Dataset excerpt:
=======

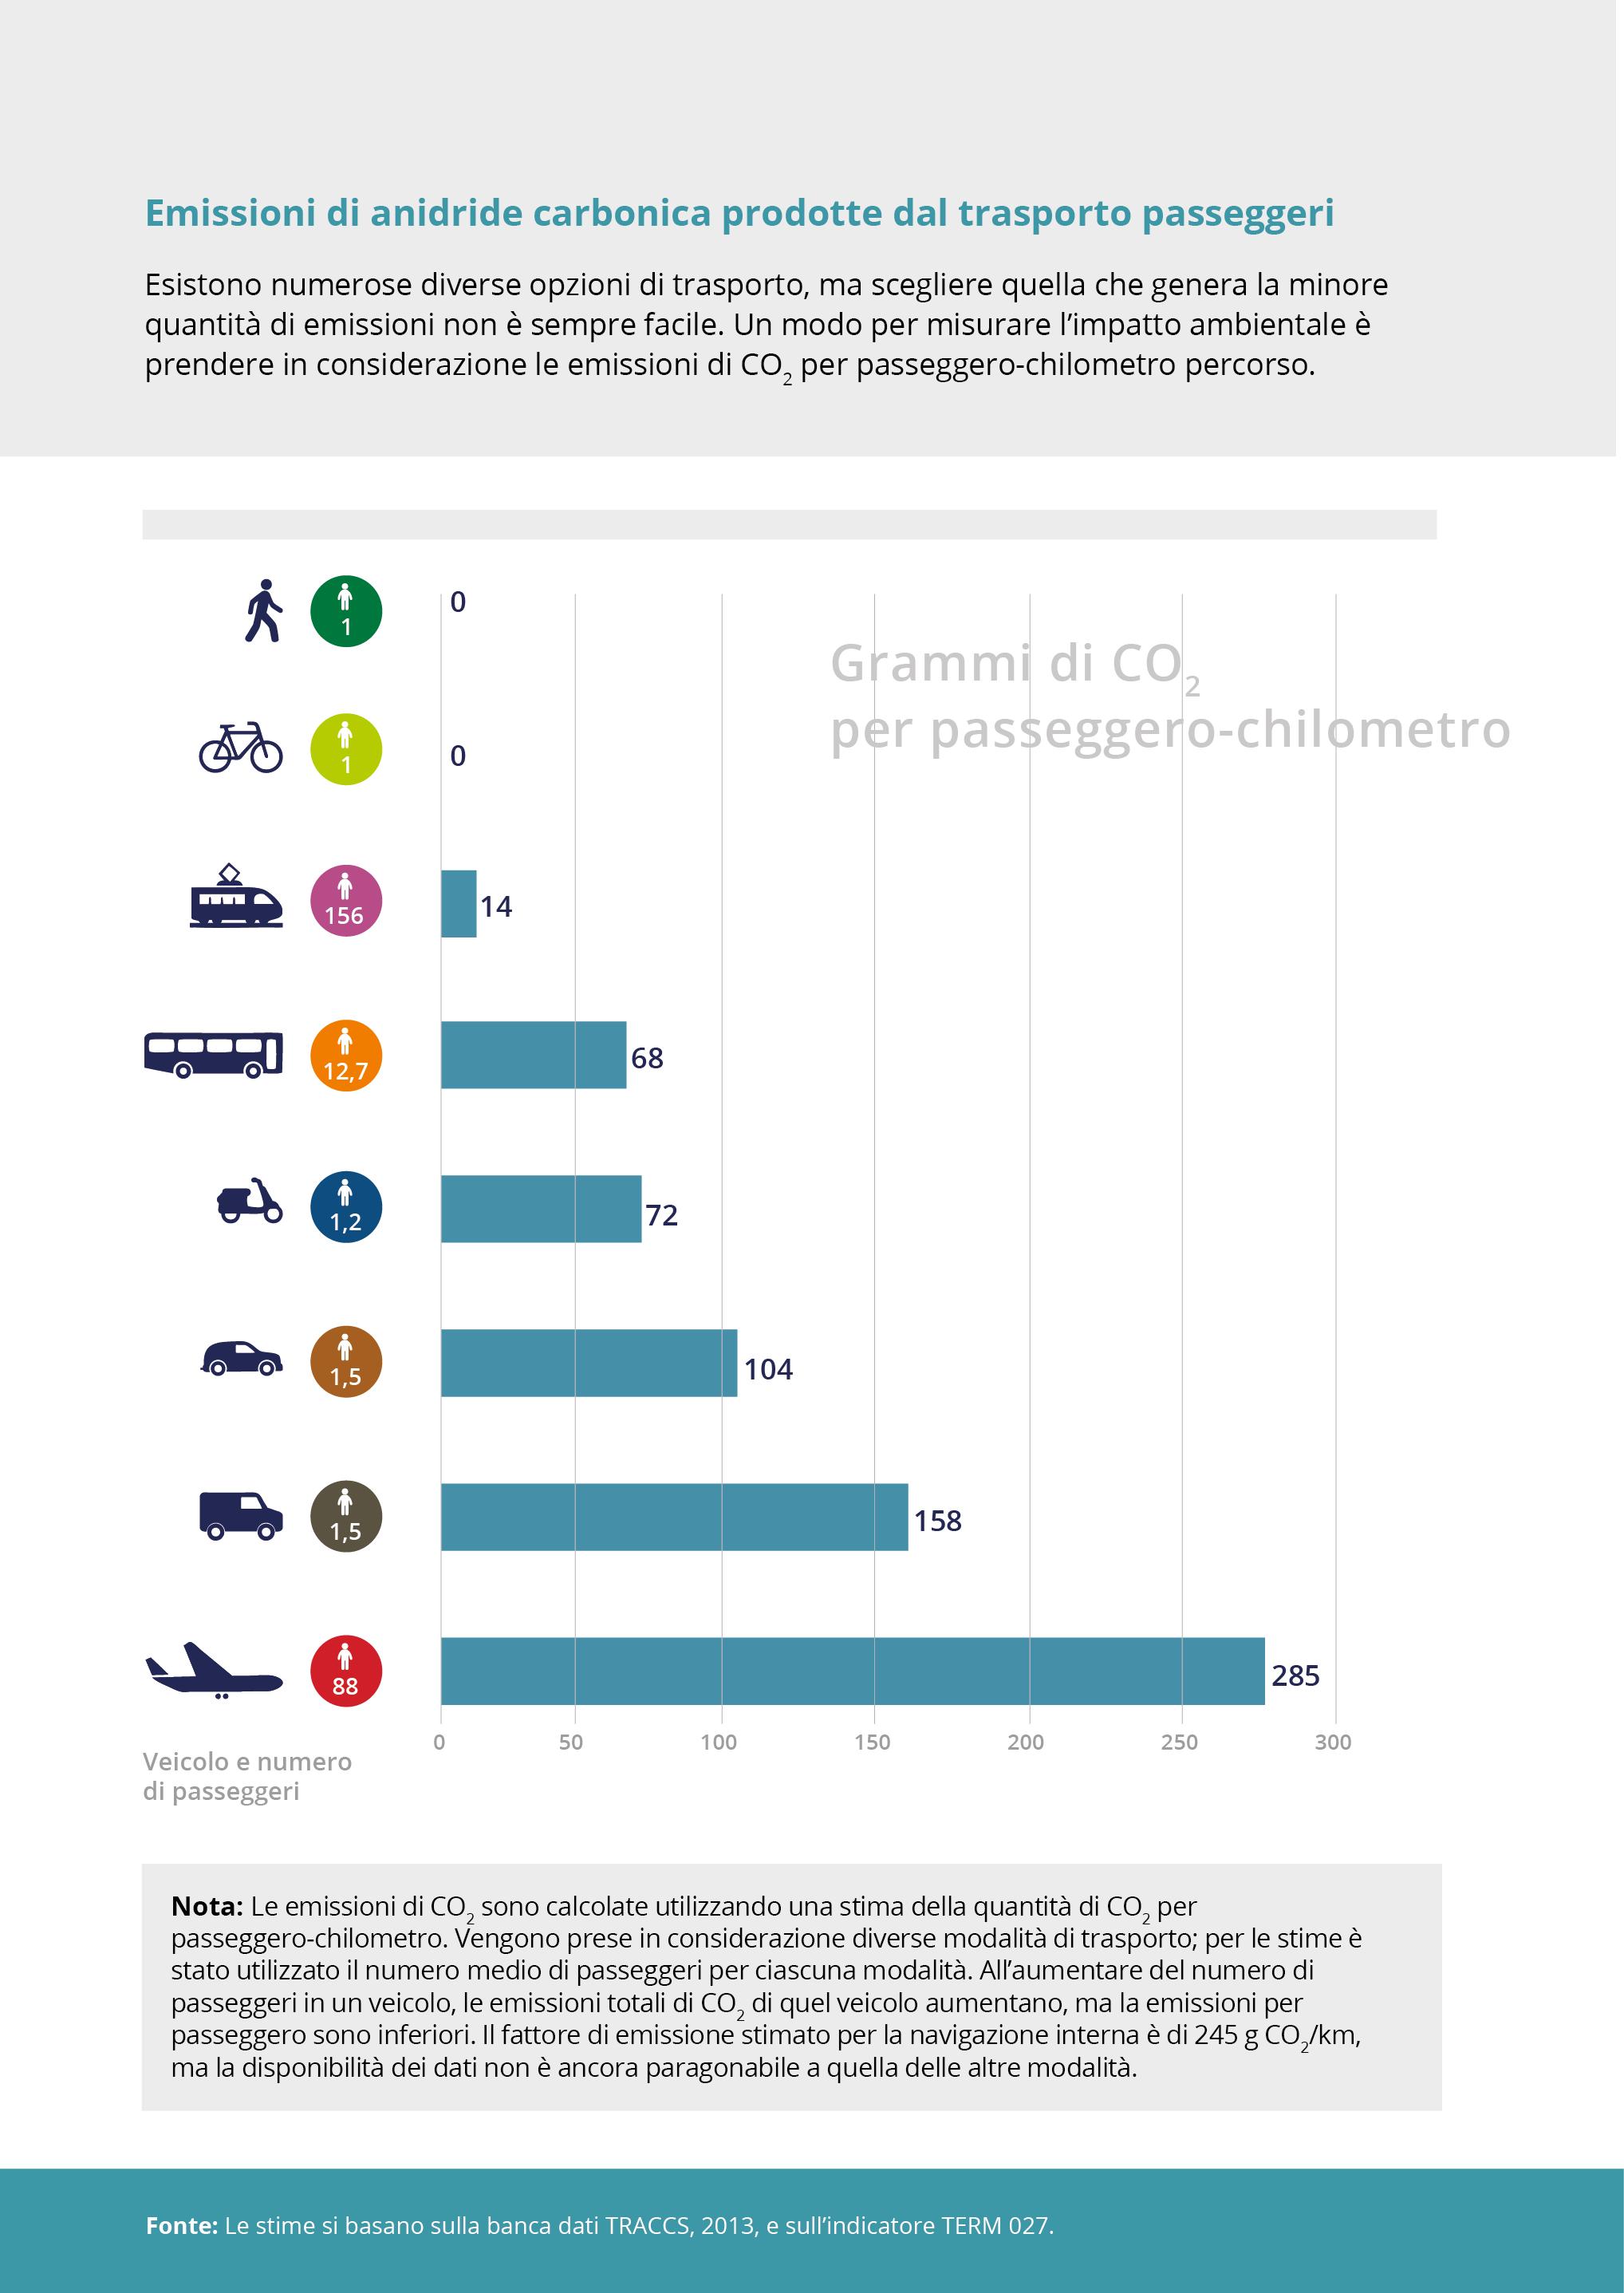 Emissioni di anidride carbonica prodotte dal trasporto passeggeri
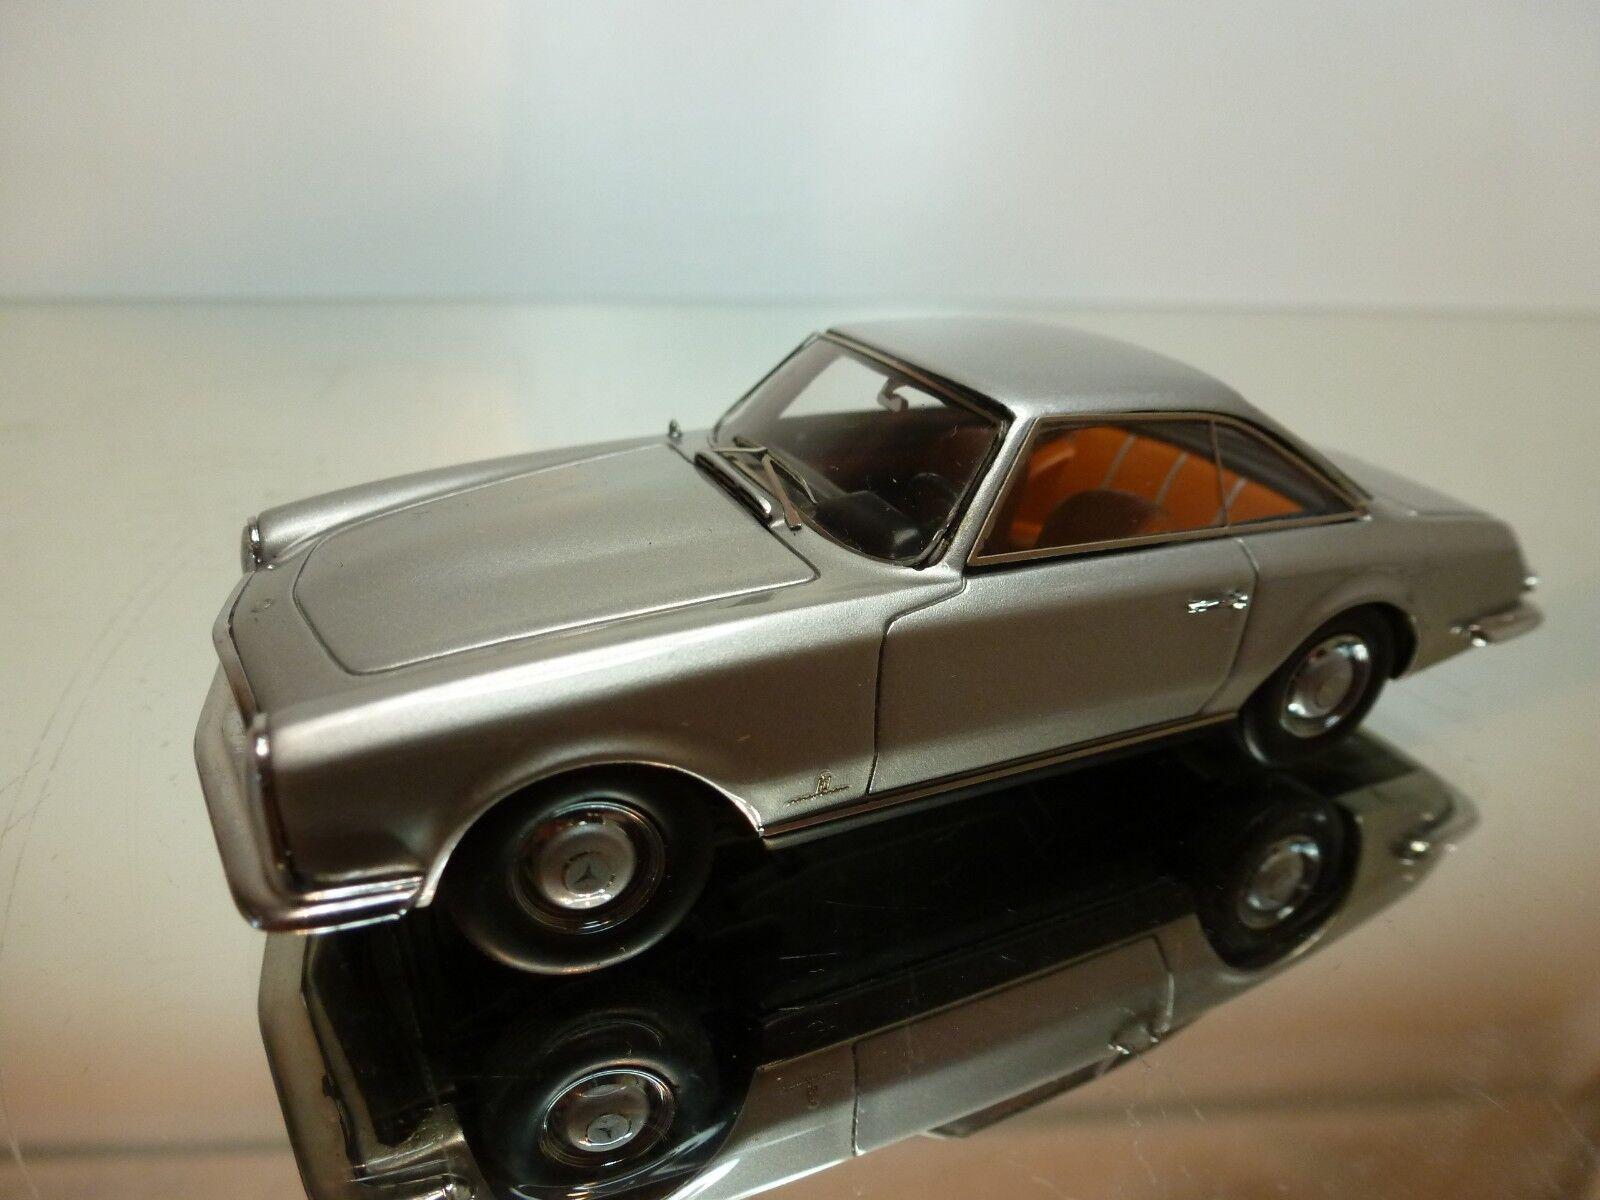 NEO MERCEDES-BENZ 230 SL PININFARINA 1956 - gris 1 43 - EXCELLENT - RARE - 23
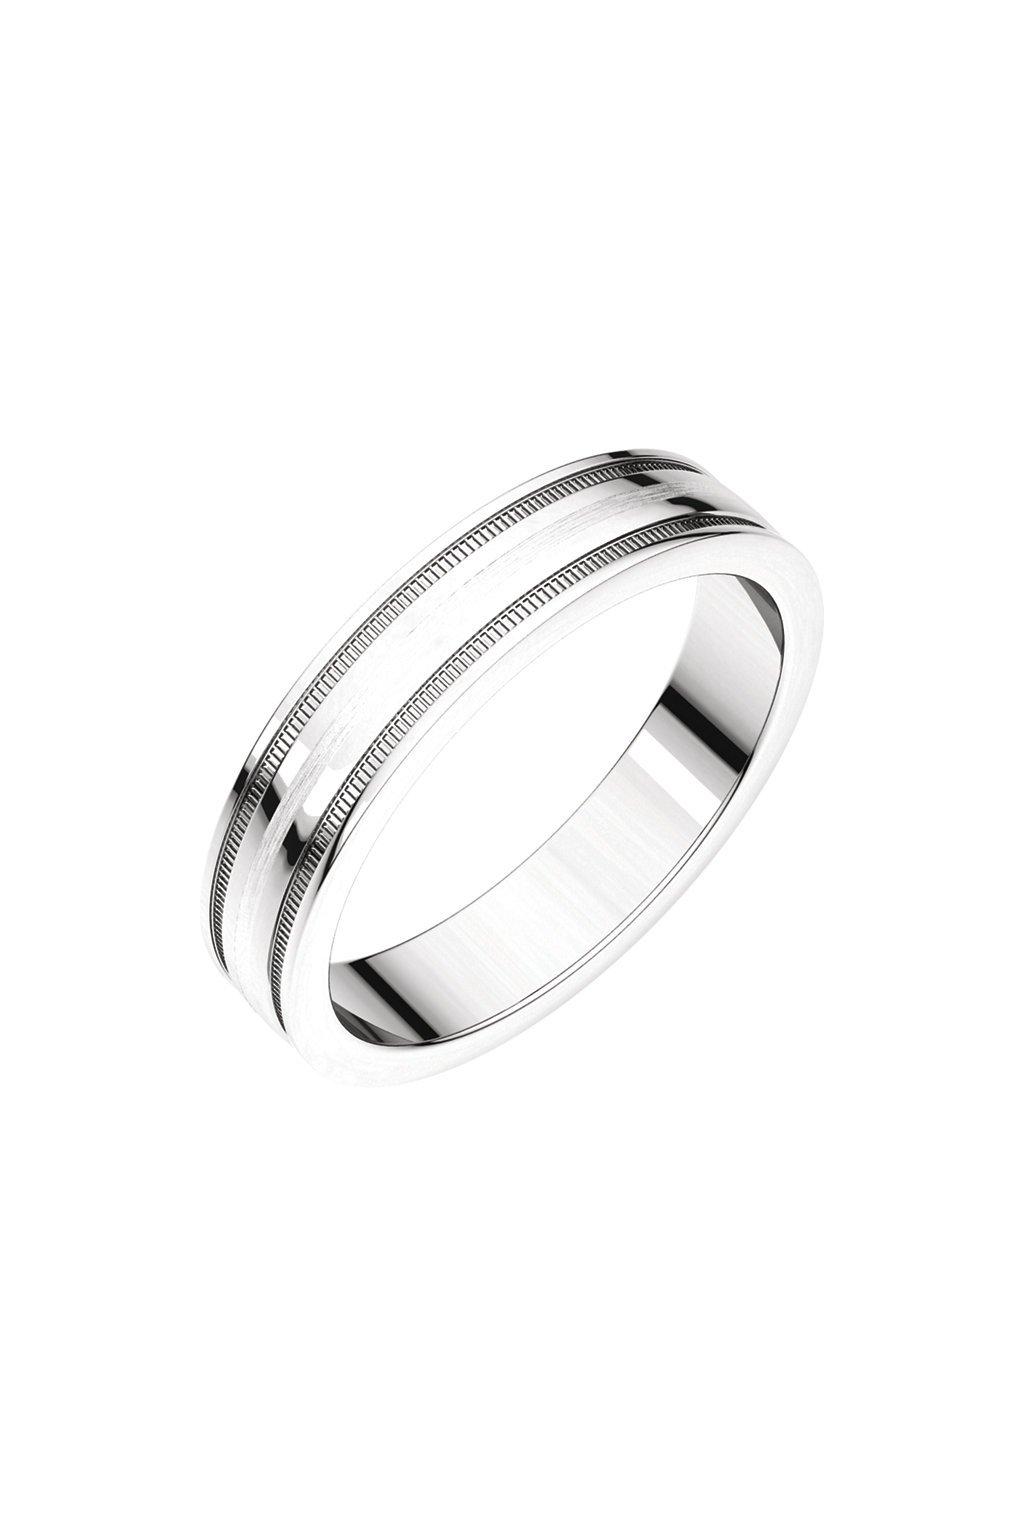 Snubní prsteny Satin Milgrain

=======

What the task asks: Take the line containing "NEO MERCEDES-BENZ 230" through the last line of the material and retype exactly those lines, both ends included, with no pictures.

Response to the exercise:
 NEO MERCEDES-BENZ 230 SL PININFARINA 1956 - gris 1 43 - EXCELLENT - RARE - 23
 Snubní prsteny Satin Milgrain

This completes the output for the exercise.